Layout of the Brands Hatch (1960–1975)

'The Motor' International Six Hour Saloon Car Race was the third round of the 1963 European Touring Car Challenge, and was held at Brands Hatch on the Grand Prix circuit, on 6 July.

This, the second Motor-sponsored Six-Hour saloon car race, was run in appalling conditions, like the 1962 event. The large crowd of approximately 15000, witnessed the favourite, a 7-litre Ford Galaxie driven by Dan Gurney and Jack Brabham flounder in the wet and the Jaguar Mk II dominate the race. Victory went to Roy Salvadori and Denny Hulme from Peter Lindner and Peter Nöcker after the winners on the road, Mike Salmon and Pete Sutcliffe, were disqualified for engine irregularities.

==Report==

===Entry===
A fine entry of 39 cars were accepted for the event, across five classes. However, scrutineering meant trouble for those Ford Galaxies which had disc brakes; Gawaine Baillie was only allowed to start the meeting on the promise of photographic evidence of the brake mounting – otherwise he would be disqualified. John Willment Automobiles was not prepared for this and withdrew their Galaxie. Of the cars accepted, 37 cars practised.

===Qualifying===
Grid positions were determined by engine capacity rather than practice times. As a result, the record books show John Sprinzel on pole, in his 7-litre Ford Galaxie. However, the fastest time in practise was set by the pairing of Dan Gurney and Jack Brabham in their Galaxie.

===Race===
The start with the slow car of John Sprinzel on pole, brought Mike Salmon into second place in Jaguar Mk. II following the early leader, Gawaine Baillie’s Galaxie, ahead of the American Dan Gurney (Galaxie) and John Coundley (Jaguar Mk II). Handicapped by wrong tyres, Gurney spun at South Bank, but somehow the whole field avoided him. After two laps, Baillie had dropped to third, giving way to Salmon and Peter Lindner, while Gurney spun again. By the fourth lap, Gurney came in for a tyre change on the rear – before the start, he could only change the fronts.

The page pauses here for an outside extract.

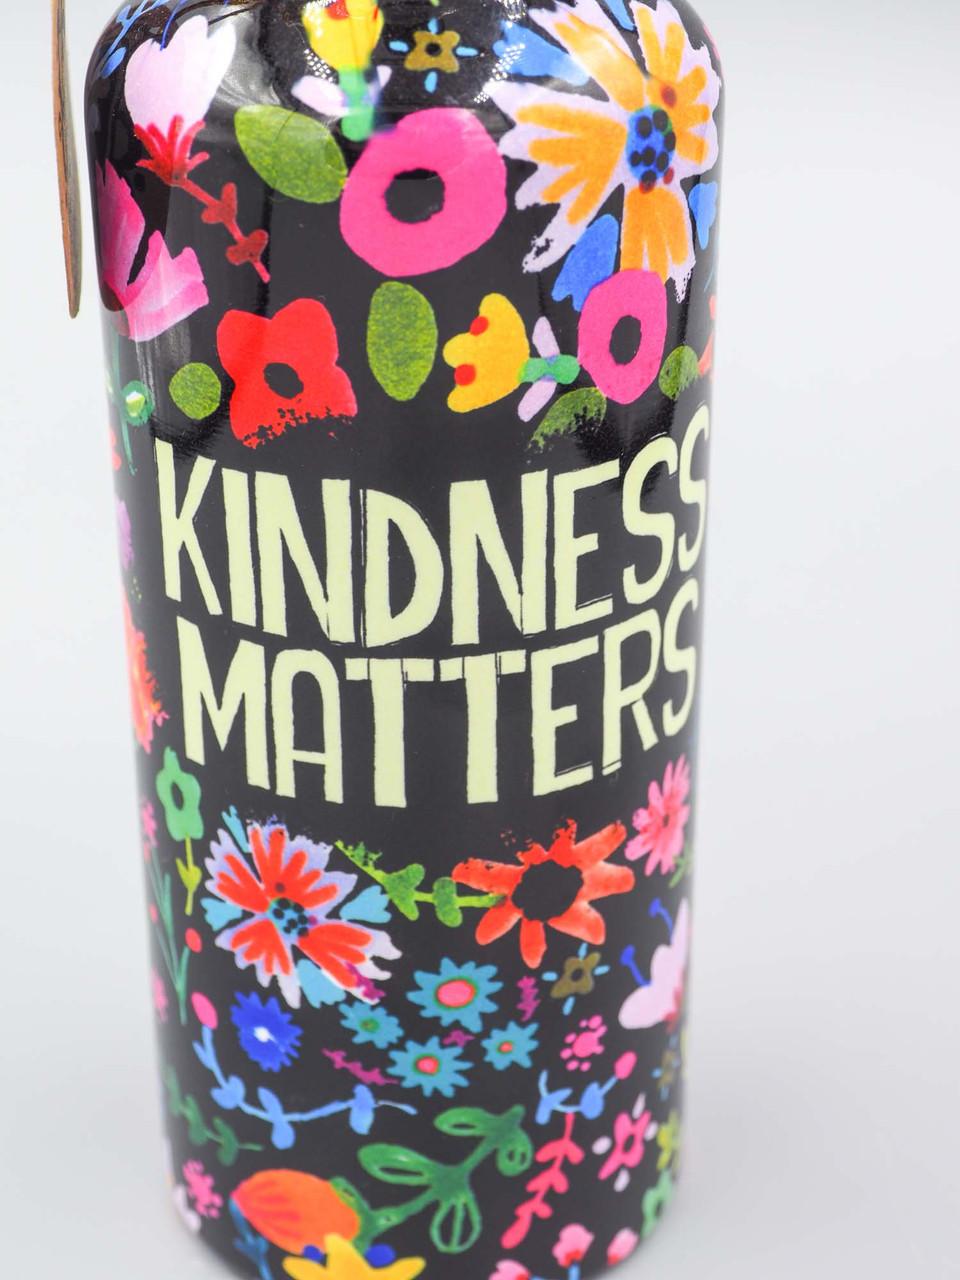 kindness matters traveler water bottle natural life

The terrible conditions made for an interesting race; Lindner nearly lost his Jaguar Mk. II, and he was not the only one. Albert Powell hit a bank, but continued after repairs, and Mick Clare rolled his Mini. After the pit stops, at the three-hour mark, the leaders were Roy Salvadori, Salmon, Lindner (all Jaguars), Jack Sears, Jimmy Blumer (both in Cortinas) with Tom Trana in sixth, in his Volvo. The quick pit stop of the Atherstone Engineering Jaguar moved Salmon into the lead, its lead now over a lap. Salvadori/Denny Hulme were second, Sears fourth and Lindner/Peter Höcker fifth.

At 8:30 p.m., six hours after the race started and 166 laps of the Grand Prix circuit, the chequered flag dropped and the pairing of Salmon/Pete Sutcliffe won the race, with Salvadori/Hulme second, Lindner/Höcker completing the podium, just ahead of Sears/Bo Ljungfeldt with Trana/Carl-Magnus Skogh fifth. Once again scrutineering revealed problems for the winner: the Jaguar Mk. II was disqualified for having oversized inlet valves. The winner's average speed was published as 73.477mph.

==Classification==

===The Motor 6 hours===

Class Winners are in Bold text. Please note that race winner, was not declared class winner.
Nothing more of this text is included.